Je le pensais également en réalité, un tel métissage était sûrement impossible. Dans la panique, j’avais improvisé quelque chose qui ne remettrait pas le reste en doute. Elle avait percé le premier rempart de défense, il fallait défendre les autres. Éventer un secret ne voulait pas dire tous les révéler.

— Je dis la vérité. J’ignore tout de maman et des elfes… Papa m’a introduit dans la famille toute petite. Ma mère adoptive est morte peu avant ma naissance. Mes sœurs étaient petites, elles n’ont pas vu la supercherie. À présent, c’est pour protéger mon secret que nous nous déplaçons de ville en ville. Si je pouvais trouver ma mère biologique, peut-être pourrais-je en apprendre plus sur moi-même.

Au fond, c’était à moitié la vérité et renvoyait à mon réel objectif, je devais sûrement avoir l’air crédible.

J’espérais que Syrle ne me poserait pas trop de questions, mon dos était en sueur et j’avais de nouveau envie d’aller aux toilettes à cause du stress.

Accoudée, elle m’observa un instant, puis elle soupira.

— J’ai vraiment le chic pour trouver des domestiques particulières. Mais cette fois, tu les bats toutes.

— Je… Désolée…

— Ne le sois pas. Tu as de la chance que je ne suis pas un de ces monstres de la guilde. Tu sais quoi ? Je vais même garder votre secret. En échange…

— Oui ?

— Tu vas apprendre la magie avec moi. Je veux voir les progrès que te permettra ton sang elfique. Et aussi…

— Oui ?

— Couche avec moi.

— Hiiiiiiiii !!

Elle se mit à rire à nouveau.

— Tes réactions sont tellement amusantes, je ne m’en lasserais jamais ! Hahaha !

Elle se moquait de moi à nouveau ! Je gonflais les joues, contrariée et c’est alors qu’elle s’approcha de moi et m’attira contre sa poitrine.

— Après tout ce que tu as vécu… ma pauvre… Ici, il est inutile que tu te caches. À partir de demain, reste naturelle. Tu es sous ma protection, personne ne te fera de mal. Allez, repose-toi…

De manière maternelle, elle me caressa la tête et m’invita à dormir. J’étais peut-être naïve, mais je ne sentais pas de tension sexuelle en elle. Juste un sincère désir de me protéger.

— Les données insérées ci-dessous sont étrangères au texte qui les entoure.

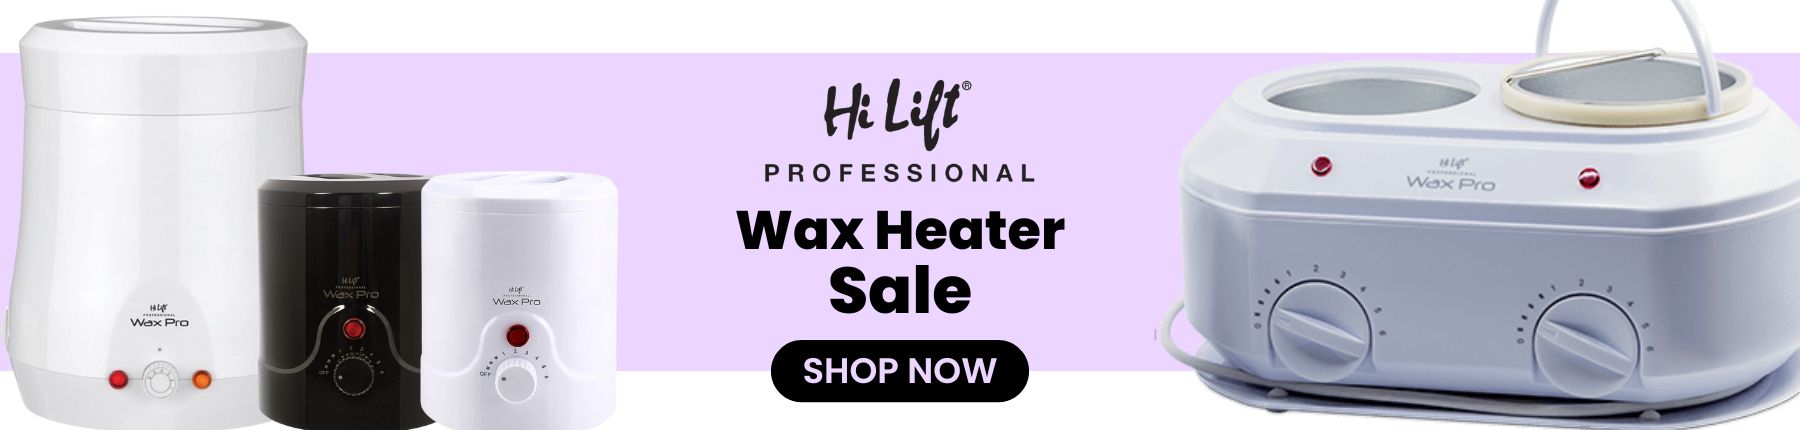 Hi Lift wax heater sale

Cette chaleur apaisante, ces caresses… Peut-être parce que dans ce monde je n’avais pas eu de mère, elles eurent raison de moi. Je cessais de résister et m’endormis sans m’en rendre compte.

***

Nous étions toutes les quatre dans la cour, alignées.

Je portais le même uniforme que la veille, mais Tyesphaine avait réussi à trouver quelque chose de plus couvrant et de moins honteux dans la garde-robe. Pour ne pas attraper froid, Syrle m’avait fait mettre une cape.

Mes oreilles étaient découvertes en ce matinée où le soleil peinait à montrer le bout de son nez.

Décidément, le temps devenait de plus en plus froid.

— Je pense revenir en début d’après-midi, dit Syrle. J’ai des affaires à régler à la guilde, je n’en ai pas pour très longtemps. Voici les tâches que vous aurez à accomplir en mon absence : ma lessive, le ménage de ma chambre, la cuisine et nettoyez aussi le vestibule. Si vous arrivez déjà à finir tout ça, ce sera pas mal.

— Oui !

Nous répondîmes en chœur.

— Je vais activer les défenses extérieures du manoir, n’essayez pas de le quitter, c’est pour votre bien. En principe, il ne devrait pas y avoir de visiteur. Au pire, Katelina sait comment utiliser le messager magique de l’entrée.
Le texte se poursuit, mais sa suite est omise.